Survival time after marked reduction in oral intake in terminally ill noncancer patients: A retrospective study

Takahiro Hosoi 1,2,, Sachiko Ozone 1, Jun Hamano 3
PMCID: PMC7060293  PMID: 32161695

Abstract

Background

The prediction of short‐term survival is important for noncancer patients and their families. Although a markedly reduced oral intake by cancer patients suggests a poor prognosis, the survival times of noncancer patients after its onset remain unclear. We herein investigated the time from a marked reduction in oral intake to death in noncancer patients as well as factors associated with their subsequent survival.

Methods

We conducted a retrospective medical record review of noncancer patients who died in our hospital between April 2017 and April 2018. We recorded the day when oral intake markedly decreased and the date of death. We extracted data on age, gender, the Charlson Comorbidities Index, mean daily fluid volume, laboratory test results, and vital signs converted to the Shock Index (SI).

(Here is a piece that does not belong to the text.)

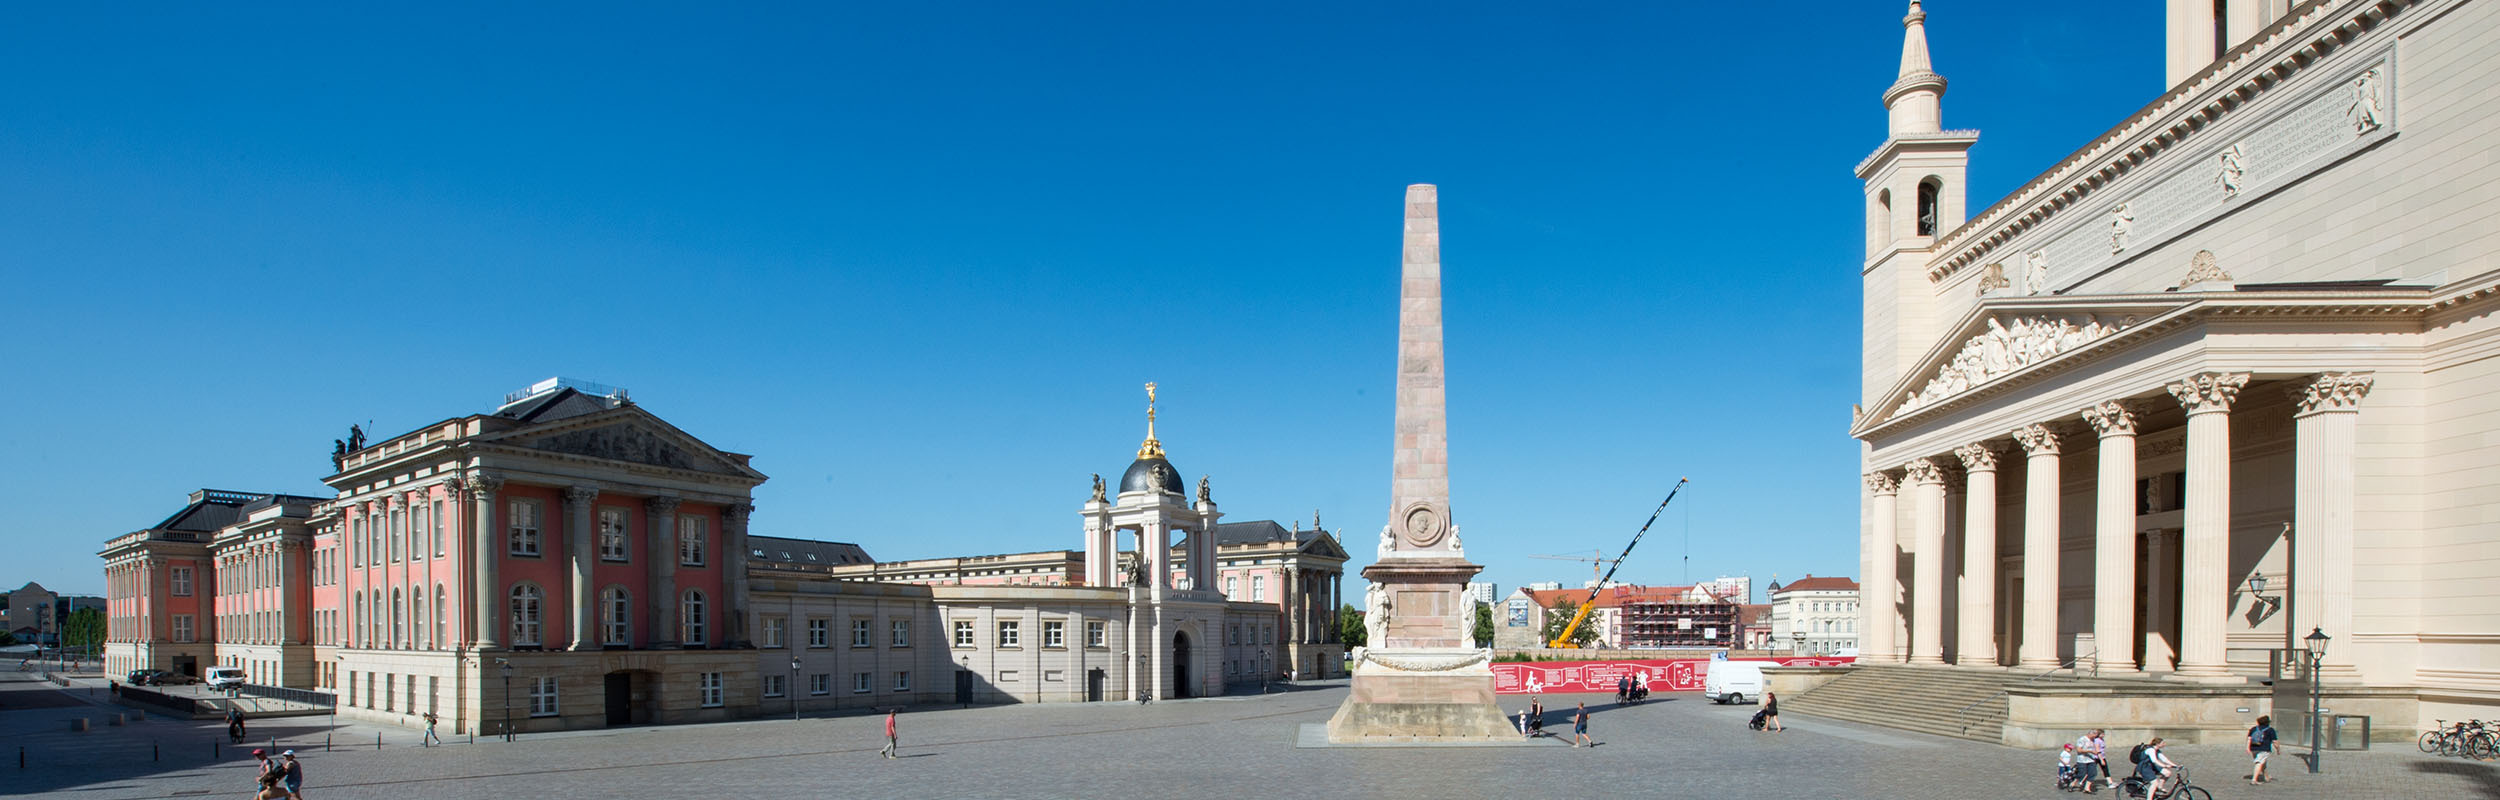 Foto: Unter blauem Himmel finden sich links der Landtag mit Fortunaportal, mittig der Obelisk, rechts der Portikus der Nikolaikirche und im Hintergrund Bauzaun und Kran von Block III.

We used Cox's proportional hazards models to assess relationships between these factors and survival times after the onset of a markedly reduced oral intake.

Results

We analyzed data from 44 noncancer patients. The median time from the onset of a markedly reduced oral intake to death was 16.5 days. Based on Cox's proportional hazards models, only SI ≧ 1.0 at the onset of a markedly reduced oral intake correlated with survival times (hazard ratio: 5.89, 95% confidence interval (CI): 1.71‐20.1, P = .005).

Conclusion

Noncancer patients died a median of 16.5 days after the onset of a markedly reduced oral intake, and SI ≧1.0 correlated with subsequent survival times. These results will provide novel insights into the prognosis of noncancer patients at the end of life.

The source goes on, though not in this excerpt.